# Kdrama on Fire



## Mercius (Aug 28, 2010)

I've been watching kdrama on my Kindle Fire more than reading books, which isn't at all disappointing since I'm getting more use out of it than I thought. It doesn't look like drama fever has an app that's compatible yet. I've also been catching a good amount of the older ones on Netflix. But the best site to use with the kindle for the latest in kdrama has been huluplus because they have some of the latest. I hate paying the $7.99 and watching ads, but Fire does have a hulu+ app that works well. Hopefully, dramafever will come out with something soon so we can start watching without commercials.

Anyway, I'm in the middle of "Full House", the original, and I just finished "IRIS". Anyone else checking out the Kdrama? And, if so, what else are you watching?


----------



## HappyGuy (Nov 3, 2008)

Pardon my ignorance but, what is "kdrama"?


----------



## Mercius (Aug 28, 2010)

Kdrama is Korean Drama. A Korean Drama typically runs for about 20 episodes, although there have been some that run for about 150 episodes or more. I wouldn't say that they are similar to soap operas in America, rather more like television shows without the whole season 1, season 2 continuation. The dramas can be action, adventure, historical, tragic, comedy, romantic comedy, and dramedy. If you're new to Korean Drama, I might recommend "City Hunter", "Secret Garden", and "Winter Sonata", which are all available on Netflix instant viewing, to get a good idea of the range of dramas available.

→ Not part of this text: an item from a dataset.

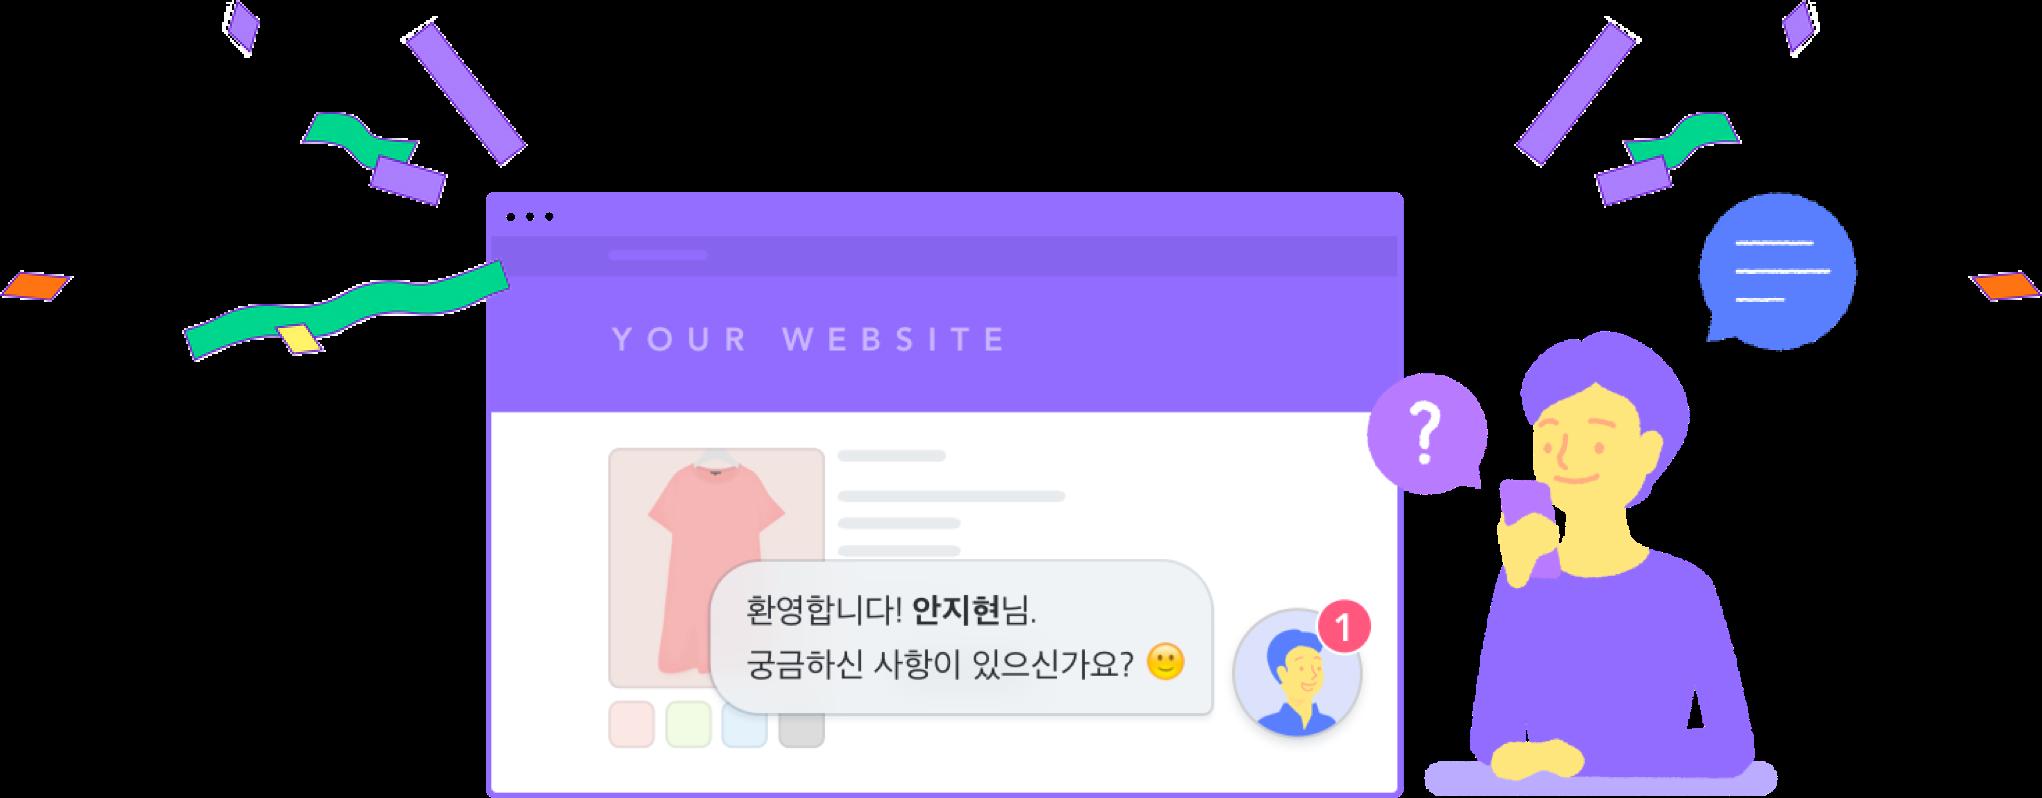 오직 아임웹에서만 채널톡 유료 플랜이 6개월 무료!
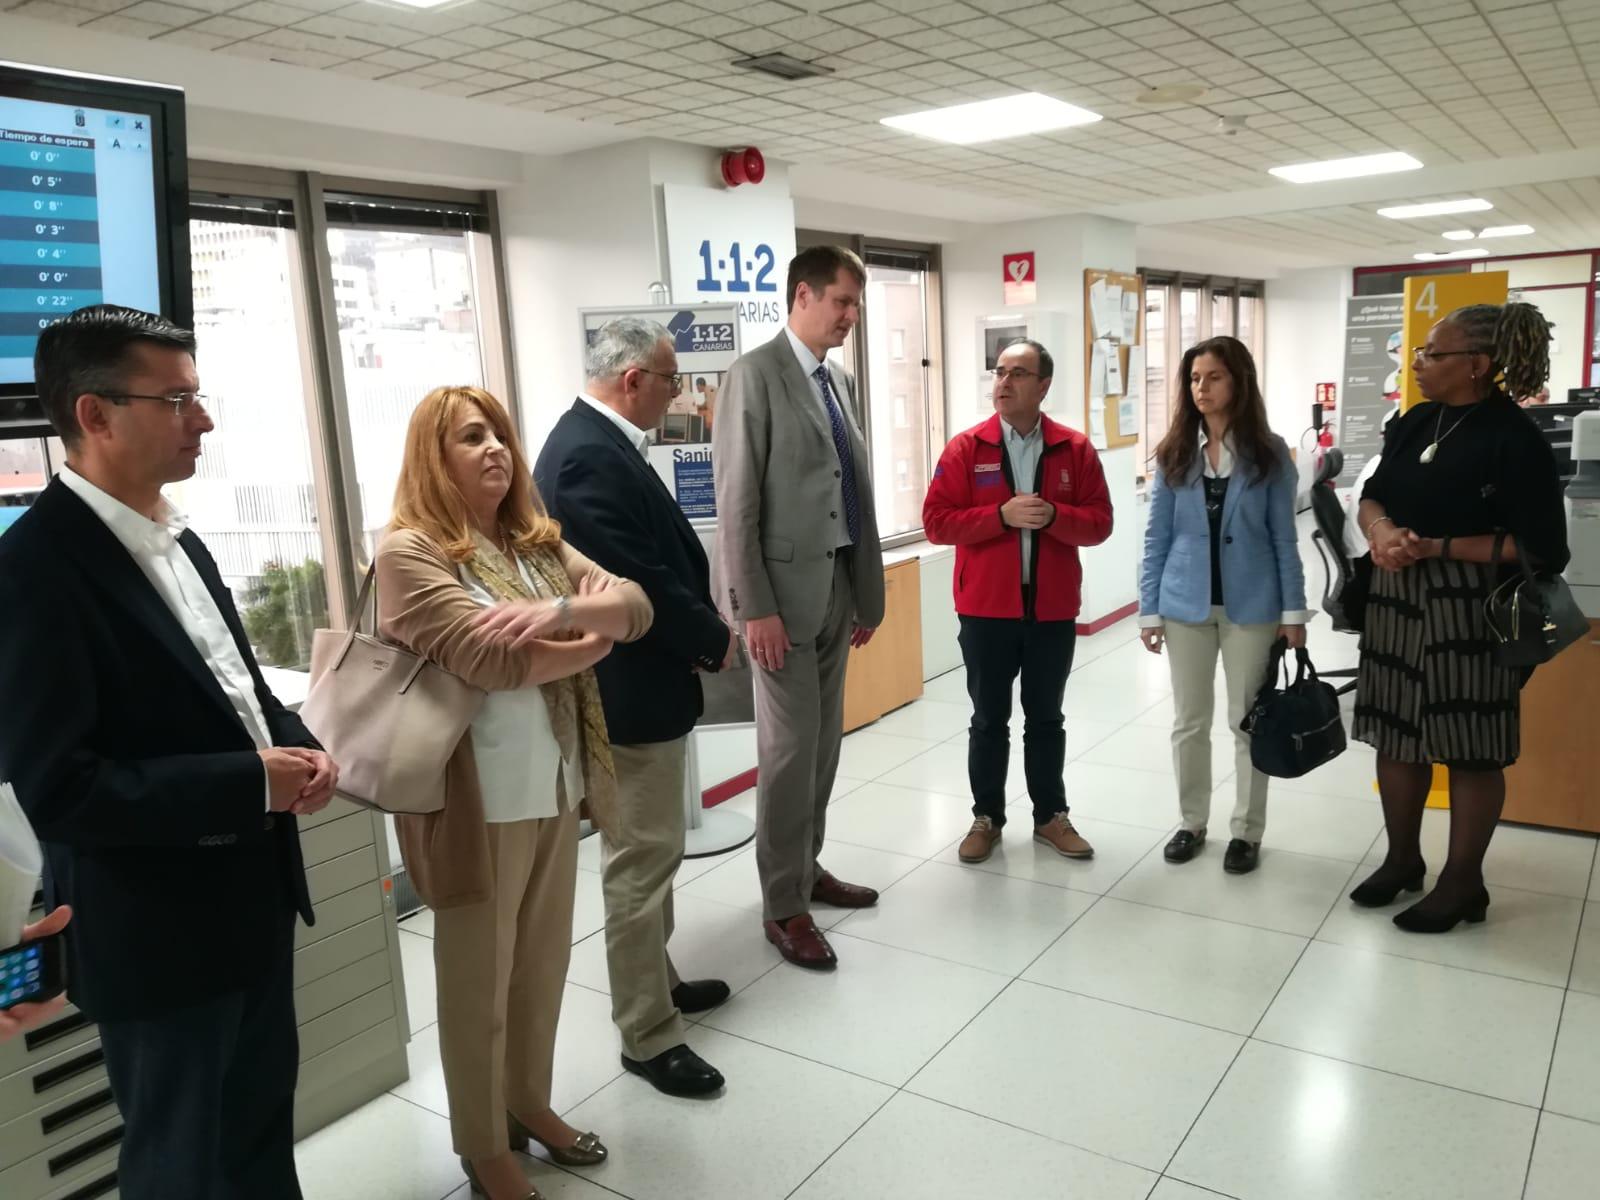 Visita del embajador británico al 112 Canarias

If you just want to get a taste of kdrama, I recommend Castaway On The Moon. Here's a trailer: http://www.youtube.com/watch?v=QrGvhwwWP8Q.

There are many sites that offer some free views such as dramaFever, goodDrama, hulu, and even youtube. Of course, I'm a drama fanatic since Eastenders (another British soap), although it's been difficult to get that in the States. The Koreans make it easier to view their stuff than the Brits, and I love it all.

In my blog, I talk a little bit about what it is I love about Korean Drama if your interested: http://www.johnnieruffin.com/blogengine/post/2012/06/22/Whats-so-great-about-Korean-Drama.aspx


----------



## WagsWife (Jan 4, 2013)

I have been reading through the boards, but I wanted to tell you about the Viki.com app for kdramas. The Amazon app store has it for download, and I have been using it almost nonstop since I got my Fire on Christmas!  So far it looks like they offer almost as big of a selection as Drama Fever.


----------



## IloveKindleAV (Nov 1, 2012)

Mercius said:


> I've been watching kdrama on my Kindle Fire more than reading books, which isn't at all disappointing since I'm getting more use out of it than I thought. It doesn't look like drama fever has an app that's compatible yet. I've also been catching a good amount of the older ones on Netflix. But the best site to use with the kindle for the latest in kdrama has been huluplus because they have some of the latest. I hate paying the $7.99 and watching ads, but Fire does have a hulu+ app that works well. Hopefully, dramafever will come out with something soon so we can start watching without commercials.
> 
> Anyway, I'm in the middle of "Full House", the original, and I just finished "IRIS". Anyone else checking out the Kdrama? And, if so, what else are you watching?


Mercius,

I am member of Dramafever and Viki also include Netflix and HuluPlus. I do sometimes watch Kdrama. I currently am watching "Dr. Champ", Vampire Procusetor, To The Beautiful You, Bridal Mask and several other kdramas. . By the way, Happy New Year and good healthy, faith and prosperous!!!


----------